Your assignment: Every picture is to be removed, and all the data is to be copied exactly.

Dataset extract:
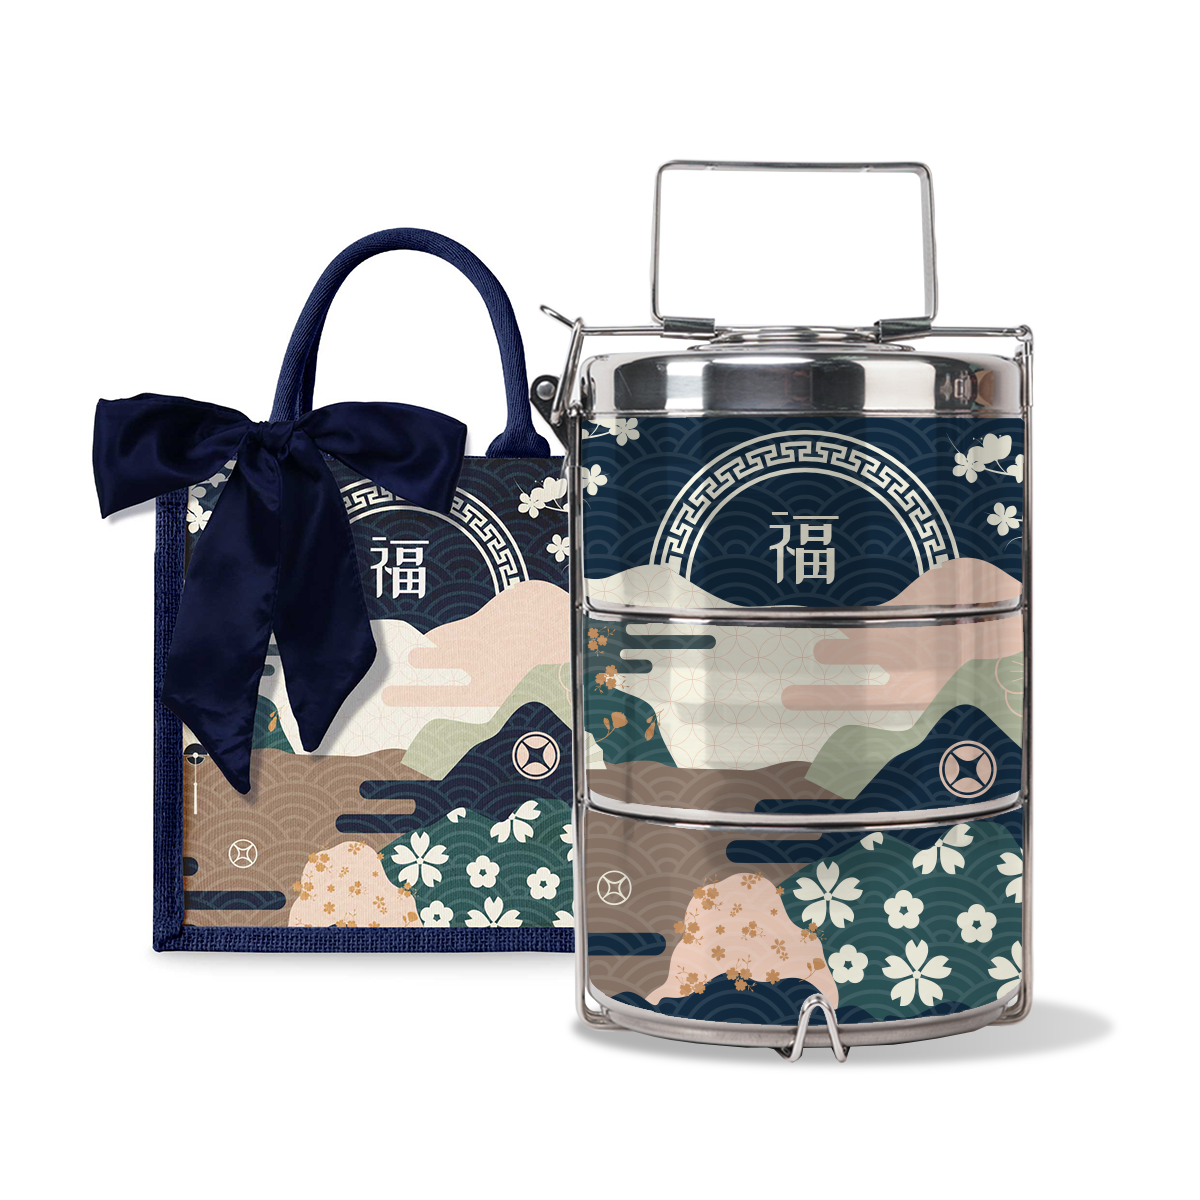 Fortune Garden (Navy Design) - Lunch Tote Bag with Three-Tier Tiffin Carrier
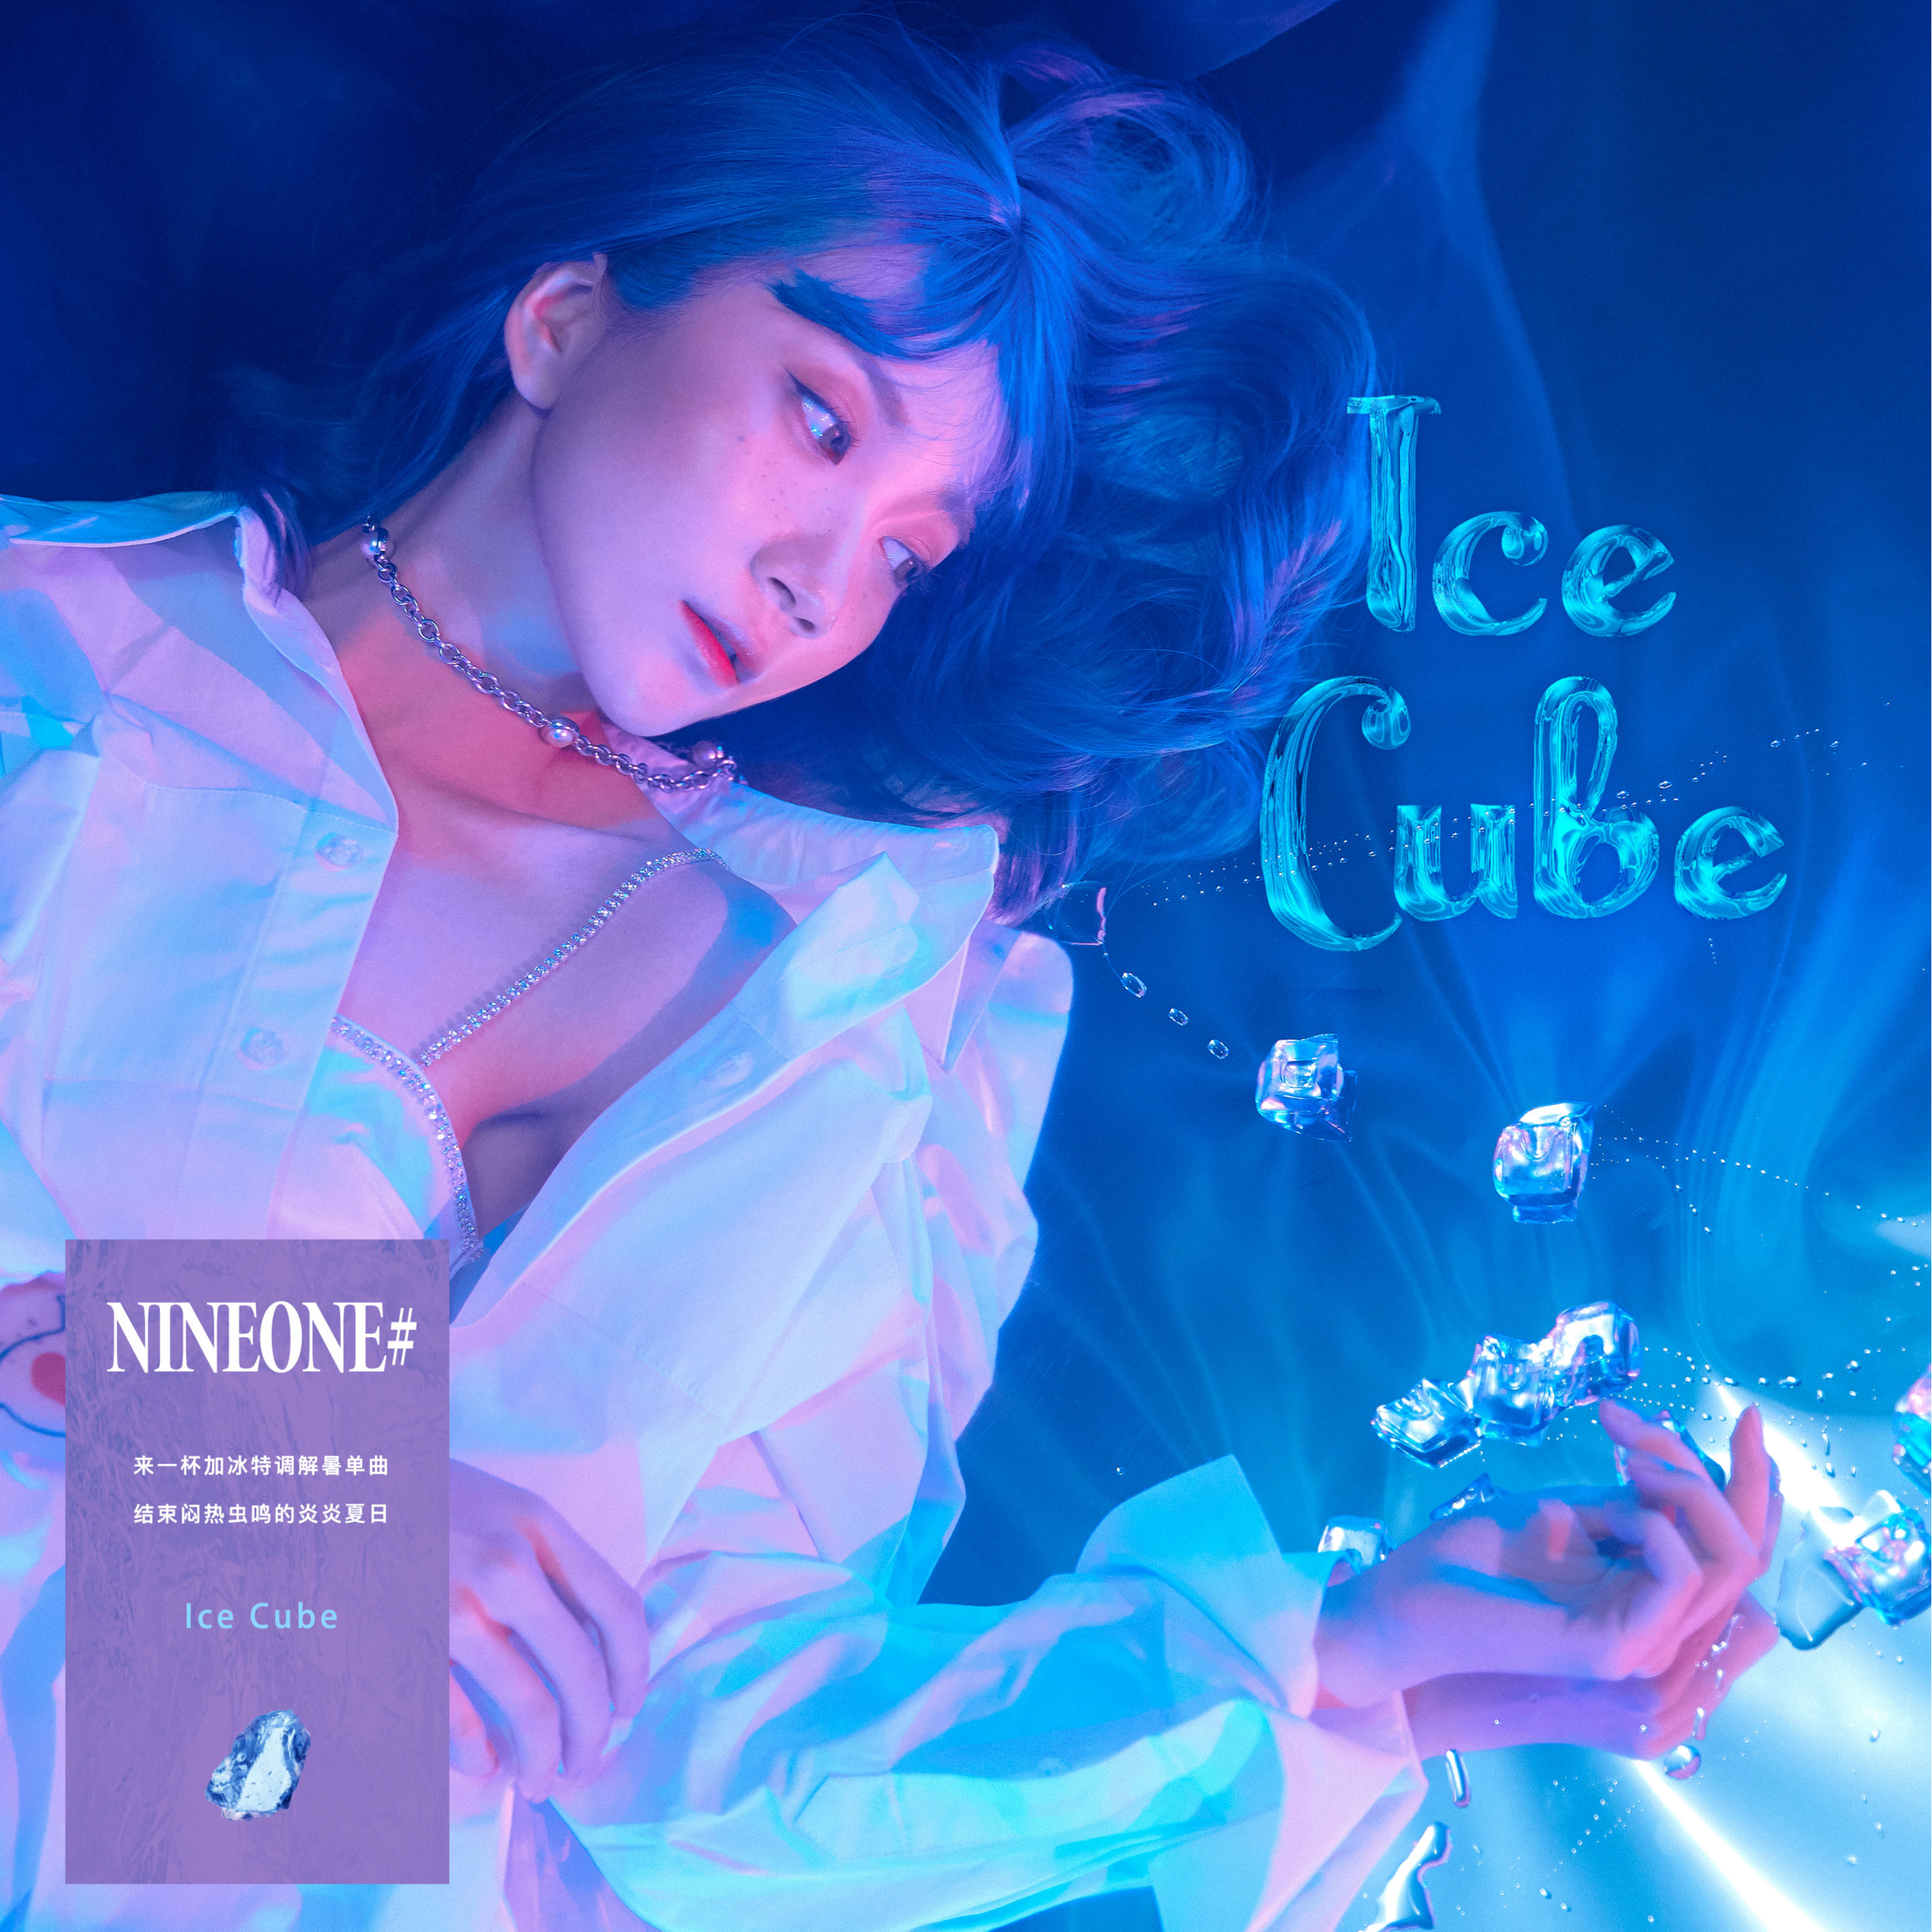 NINEONE#乃万 - Ice Cube
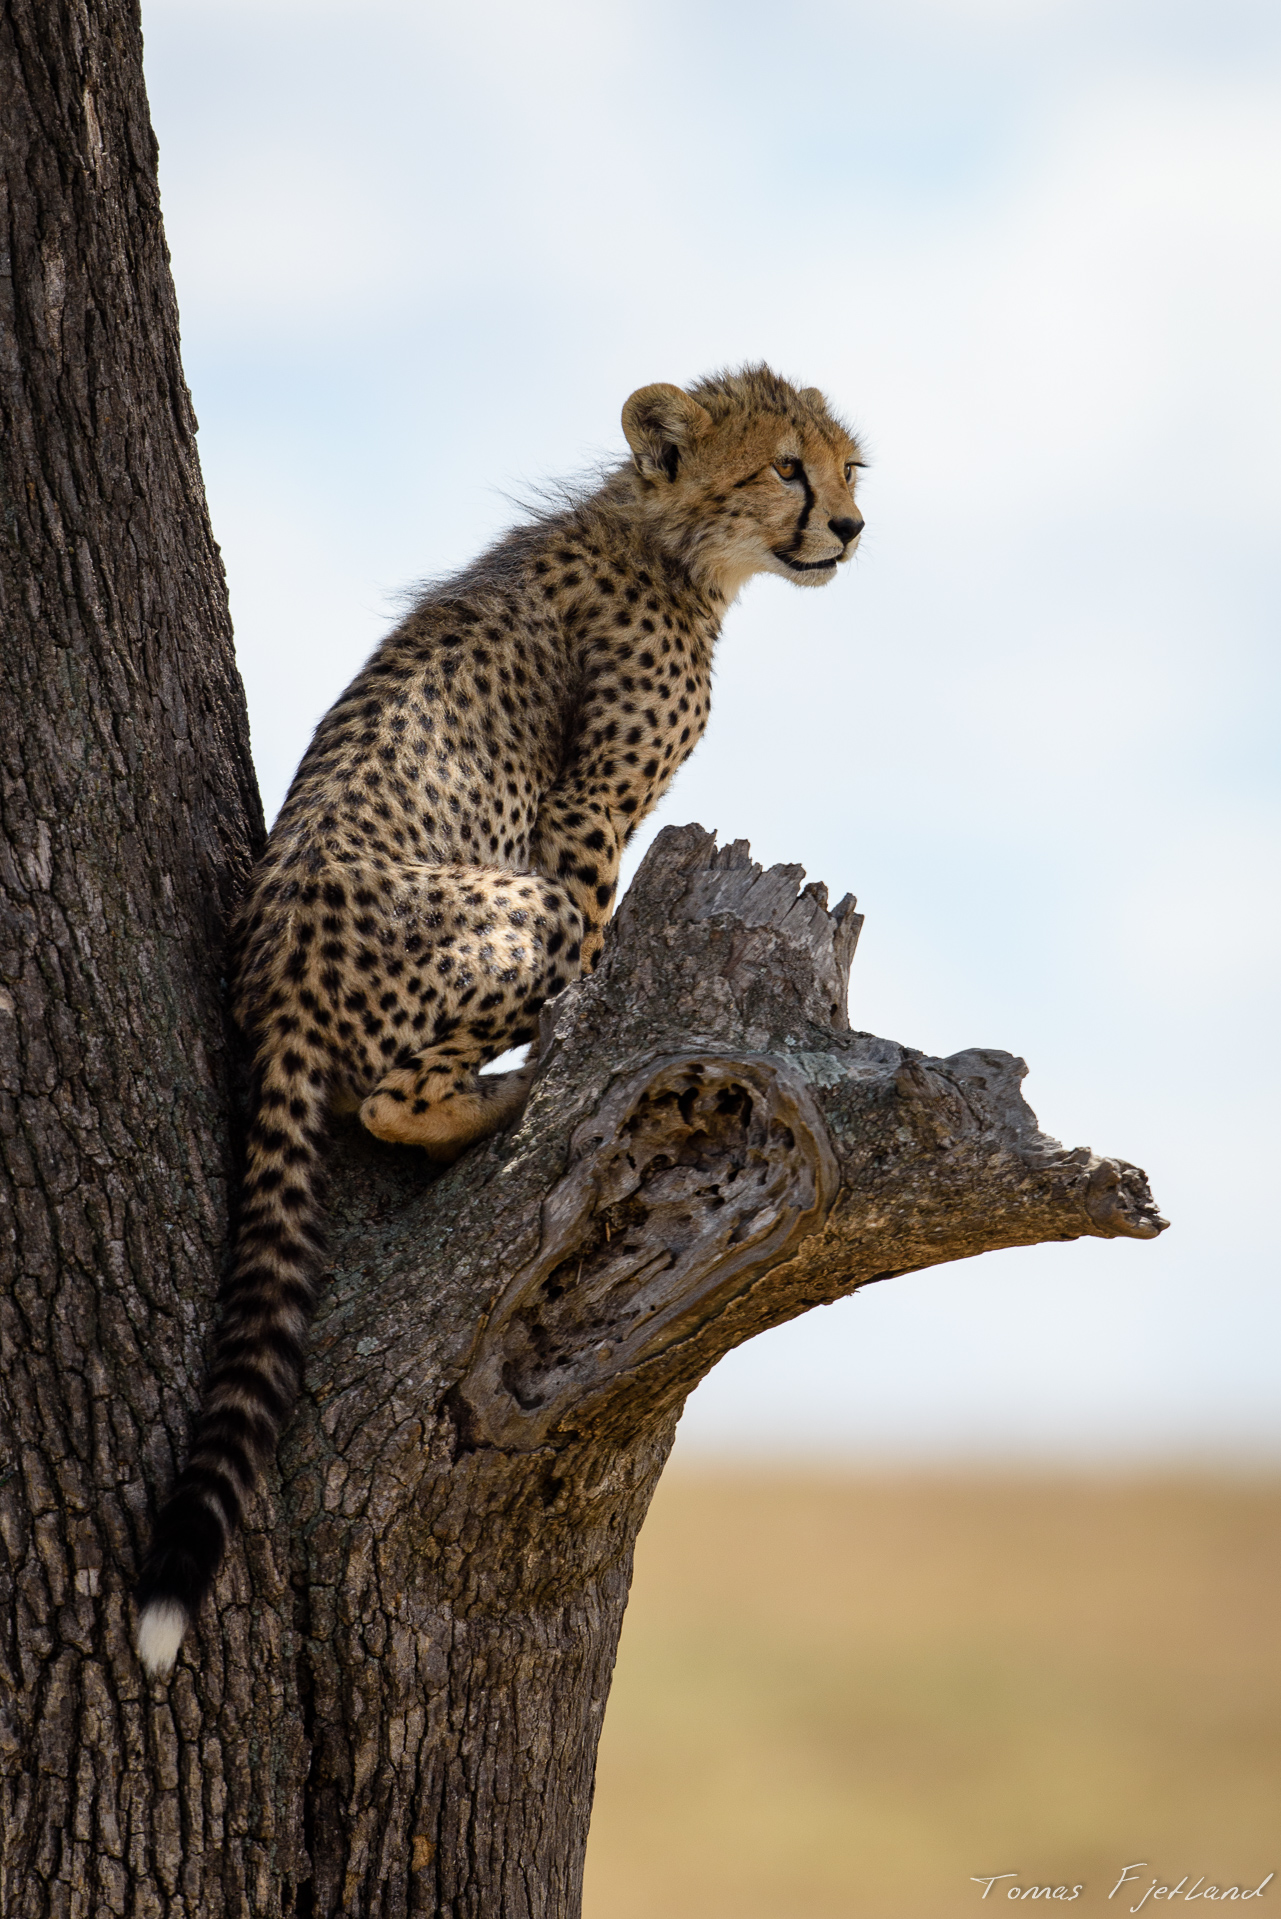 This cheetah cub is discovering why most cheetahs don't climb trees.

Answer box:
 Fortune Garden (Navy Design) - Lunch Tote Bag with Three-Tier Tiffin Carrier
 NINEONE#乃万 - Ice Cube
 This cheetah cub is discovering why most cheetahs don't climb trees.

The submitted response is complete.